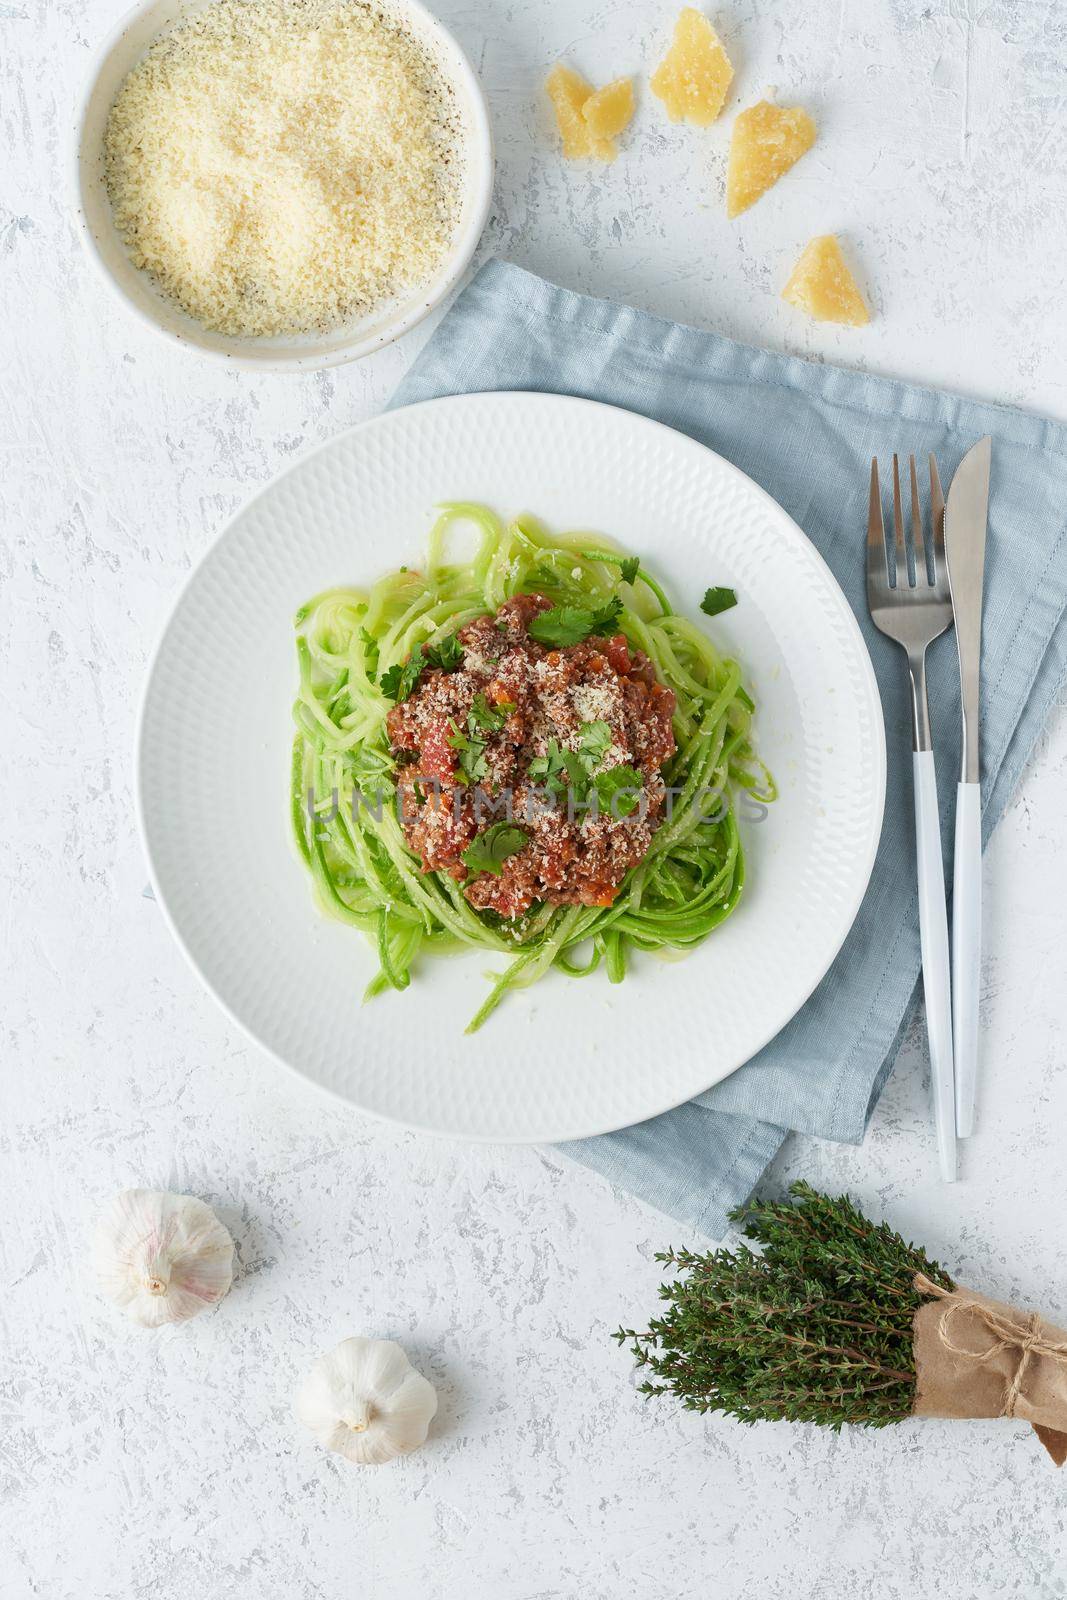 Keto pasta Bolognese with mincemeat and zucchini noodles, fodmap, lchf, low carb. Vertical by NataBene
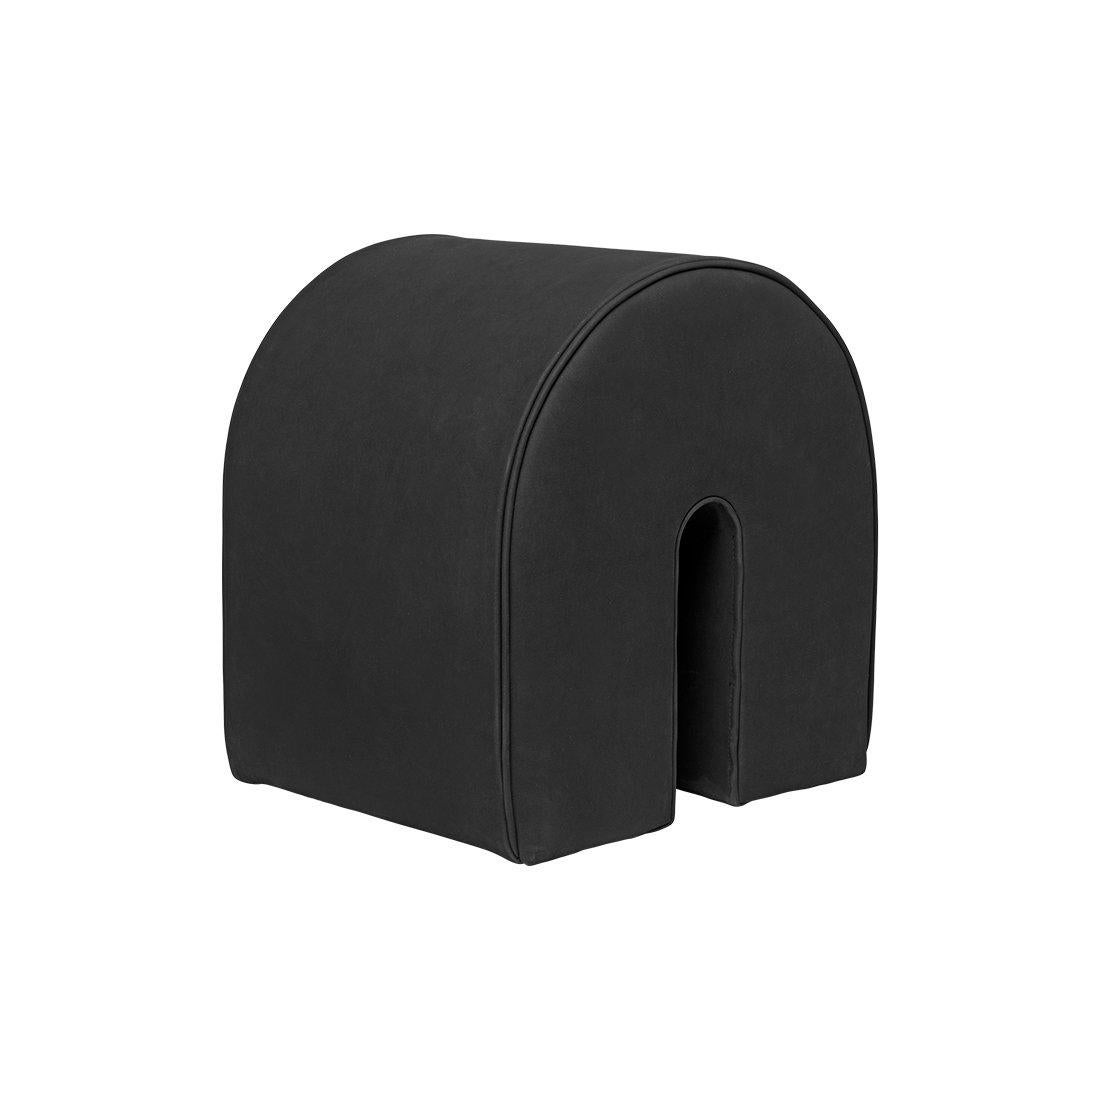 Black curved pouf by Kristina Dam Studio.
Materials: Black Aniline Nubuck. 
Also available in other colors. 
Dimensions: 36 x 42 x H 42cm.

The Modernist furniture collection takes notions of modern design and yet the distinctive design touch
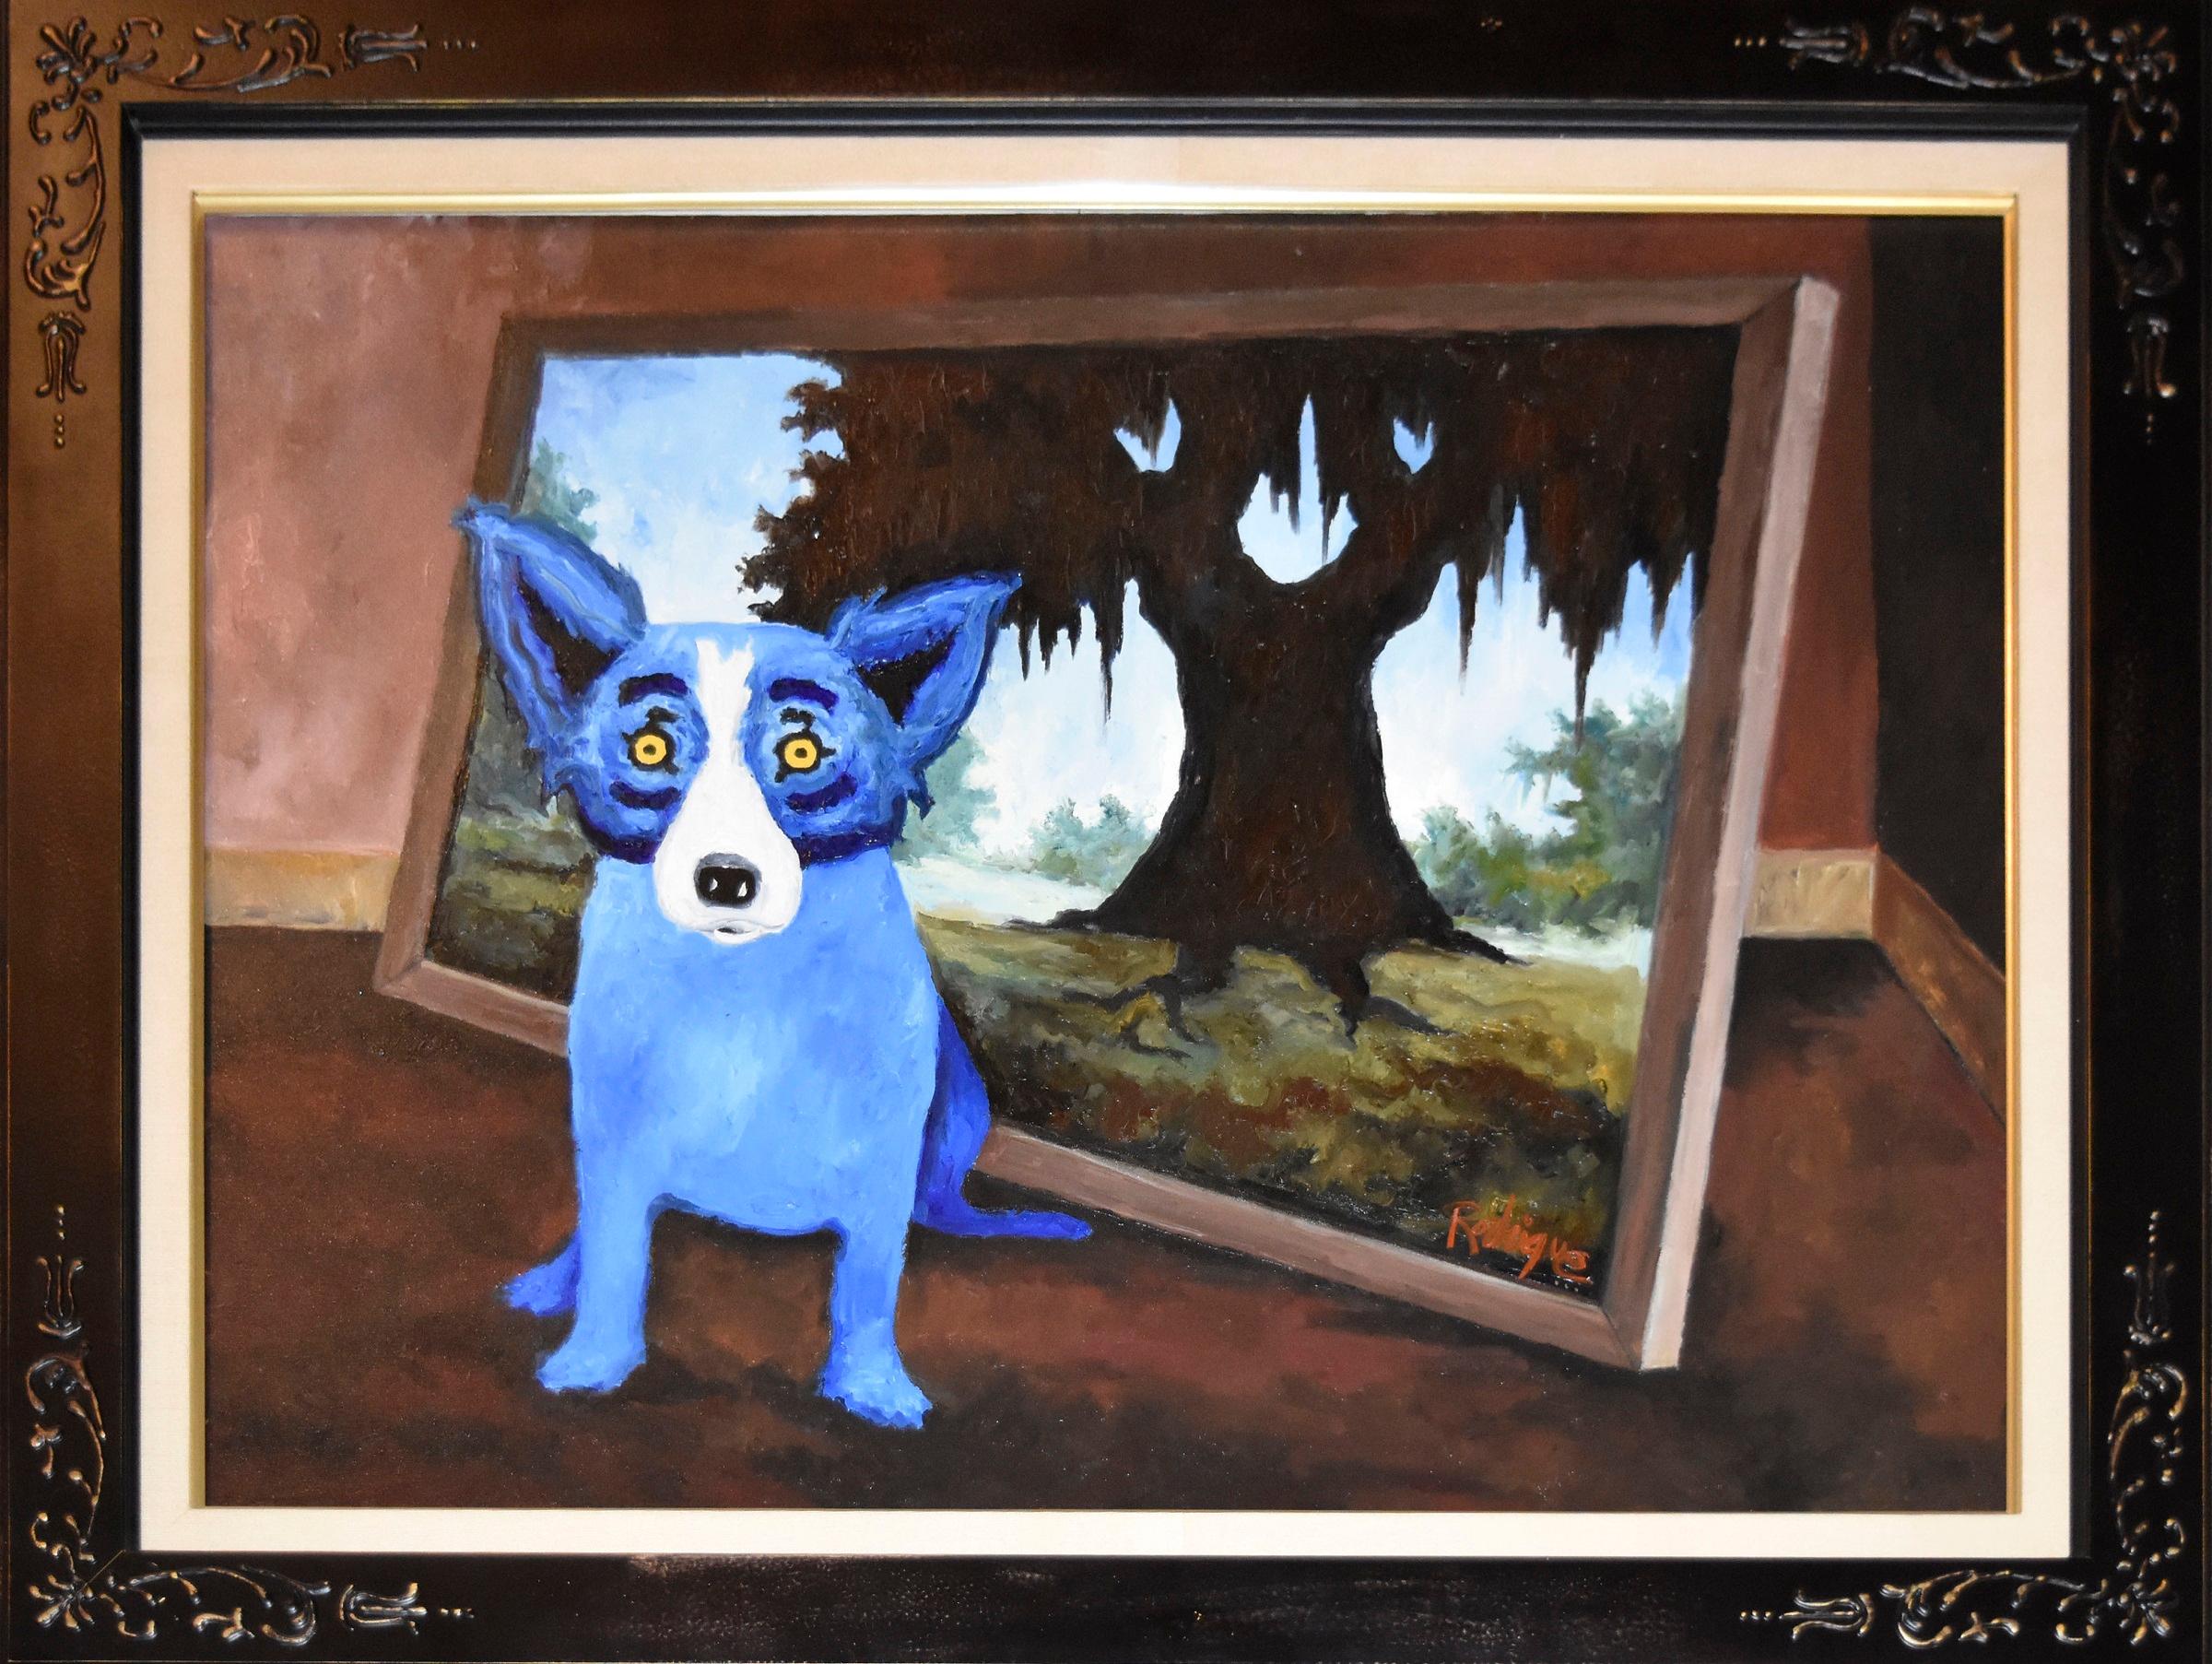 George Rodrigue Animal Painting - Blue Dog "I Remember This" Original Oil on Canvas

________

### Task directions
Starting with the line that holds "Materials: Black Aniline Nubuck.", reproduce exactly each line up to and including the last line of the material above, and drop the pictures.

### Task solution
Materials: Black Aniline Nubuck. 
Also available in other colors. 
Dimensions: 36 x 42 x H 42cm.

The Modernist furniture collection takes notions of modern design and yet the distinctive design touch
 George Rodrigue Animal Painting - Blue Dog "I Remember This" Original Oil on Canvas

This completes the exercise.